Item | Value range | Classification | Configuration item | Default value | Configurable | Description |
Memory occupied by an instance | [256 MB,12 GB] | Memory | odps.stage.mapper(reducer).mem and odps.stage.mapper(reducer).jvm.mem | 2,048 MB and 1,024 MB | Yes | The memory occupied by a single map or reduce instance. The memory consists of two parts: the framework memory, which is 2,048 MB by default, and Java Virtual Machine (JVM) heap memory, which is 1,024 MB by default. |
Number of resources | 256 | Quantity | - | N/A | No | Each job can reference up to 256 resources. Each table or archive is considered as one resource. |
Numbers of inputs and outputs | 1,024 and 256 | Quantity | - | N/A | No | The number of the inputs of a job cannot exceed 1,024, and that of the outputs of a job cannot exceed 256. A partition of a table is regarded as one input. The number of tables cannot exceed 64. |
Number of counters | 64 | Quantity | - | N/A | No | The number of custom counters in a job cannot exceed 64. The counter group name and counter name cannot contain number signs (#). The total length of the two names cannot exceed 100 characters. |
Number of map instances | [1,100000] | Quantity | odps.stage.mapper.num | N/A | Yes | The number of map instances in a job is calculated by the framework based on the split size. If no input table is specified, you can set the odps.stage.mapper.num parameter to specify the number of map instances. The value ranges from 1 to 100,000. |
Number of reduce instances | [0,2000] | Quantity | odps.stage.reducer.num | N/A | Yes | By default, the number of reduce instances in a job is 25% of the number of map instances. You can set the number to a value that ranges from 0 to 2,000. Reduce instances process much more data than map instances, which may result in long processing time in the reduce stage. A job can have 2,000 reduce instances at most. |
Number of retries | 3 | Quantity | - | N/A | No | The maximum number of retries that are allowed for a map or reduce instance is 3. Exceptions that do not allow retries may cause jobs to fail. |
Local debug mode | A maximum of 100 instances | Quantity | - | N/A | No | In local debug mode:
|
Number of times a resource is read repeatedly | 64 | Quantity | - | N/A | No | The number of times that a map or reduce instance repeatedly reads a resource cannot exceed 64. |
Resource bytes | 2 GB | Length | - | N/A | No | The total bytes of resources that are referenced by a job cannot exceed 2 GB. |
Split size | Greater than or equal to 1 | Length | odps.stage.mapper.split.size | 256 MB | Yes | The framework determines the number of map instances based on the split size. |
Length of a string in a column | 8 MB | Length | - | N/A | No | A string in a column cannot exceed 8 MB in length. |
Worker timeout period | [1,3600] | Time | odps.function.timeout | 600 | Yes | The timeout period of a map or reduce worker when the worker does not read or write data, or stops sending heartbeats by using context.progress() . The default value is 600 seconds. |
Field types supported by tables that are referenced by MapReduce | BIGINT, DOUBLE, STRING, DATETIME, and BOOLEAN | Data type | - | N/A | No | When a MapReduce task references a table, an error is returned if the table has field types that are not supported. |
Object Storage Service (OSS) data read | - | Feature | - | N/A | No | MapReduce cannot read OSS data. |
New data types in MaxCompute V2.0 | - | Feature | - | N/A | No | MapReduce does not support the new data types in MaxCompute V2.0. |
For more information about MapReduce, see MapReduce.
Limits on PyODPS
Before you use DataWorks to develop PyODPS jobs in MaxCompute, take note of the following limits:
Each PyODPS node can process a maximum of 50 MB of data and can occupy a maximum of 1 GB memory. Otherwise, DataWorks terminates the PyODPS node. Do not write unnecessary Python data processing code in PyODPS jobs.

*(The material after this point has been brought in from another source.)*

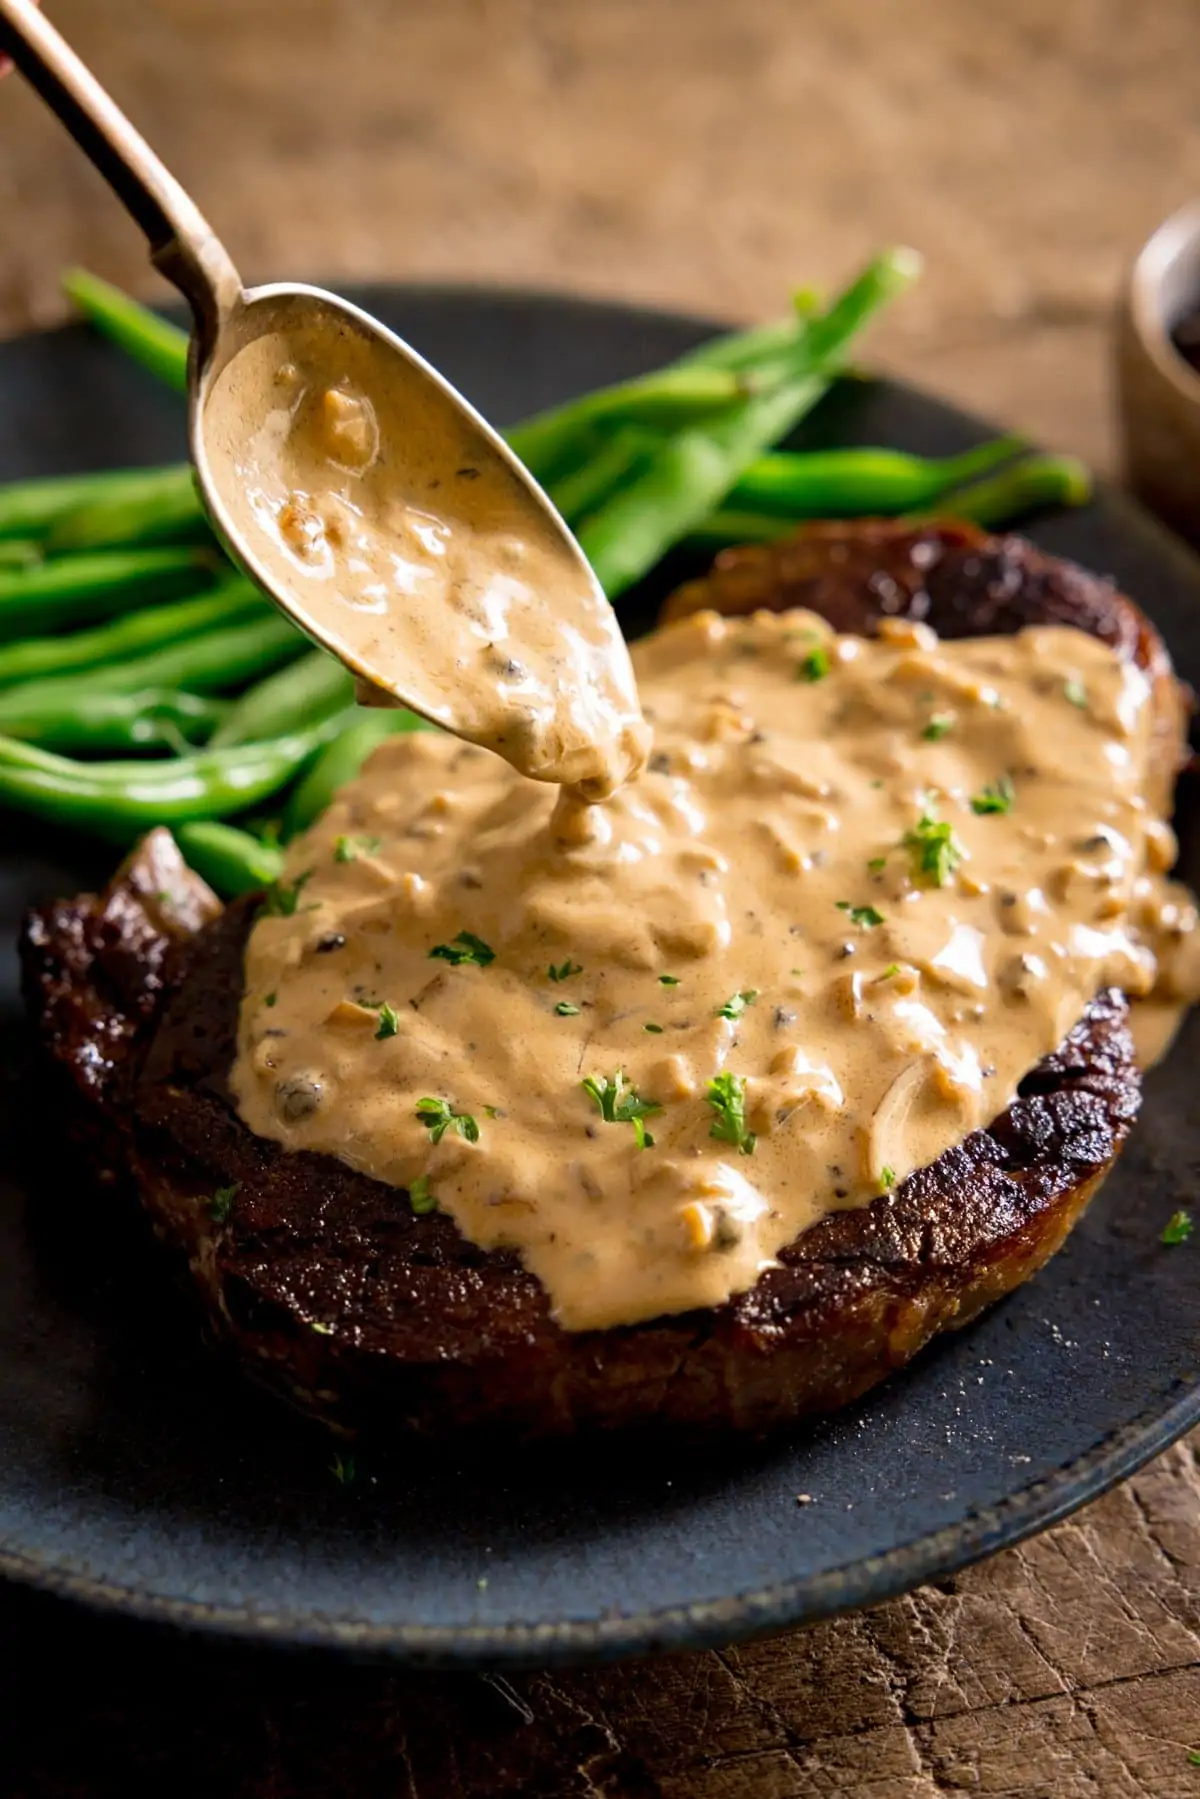 Peppercorn sauce being spooned over a cooked steak on a blue plate with green beans

The efficiency of writing and debugging code in DataWorks is low. We recommend that you install an integrated development environment (IDE) on your on-premises machine to write code.
To prevent excess pressure on the gateway of DataWorks, DataWorks limits the CPU utilization and memory usage. If the system displays Got killed, the memory usage exceeds the upper limit and the system terminates the related processes. We recommend that you do not perform local data operations. However, the limits on the memory usage and CPU utilization do not apply to SQL or DataFrame tasks, except to_pandas, that are initiated by PyODPS.
Functions may be limited in the following aspects due to the lack of packages such as matplotlib:
The use of the plot function of DataFrame is affected.
DataFrame user-defined functions (UDFs) can be used only after the DataFrame UDFs are committed to MaxCompute. You can use only pure Python libraries and the NumPy library to run UDFs based on the requirements of the Python sandbox. You cannot use other third-party libraries, such as pandas.
You can use the NumPy and pandas libraries that are pre-installed in DataWorks to run the code of functions except UDFs. Third-party packages that contain binary code are not supported.
For compatibility reasons, options.tunnel.use_instance_tunnel is set to False in DataWorks by default. If you want to enable InstanceTunnel globally, you must set this parameter to True.
For implementation reasons, the Python atexit package is not supported. You must use the try-finally structure to implement related features.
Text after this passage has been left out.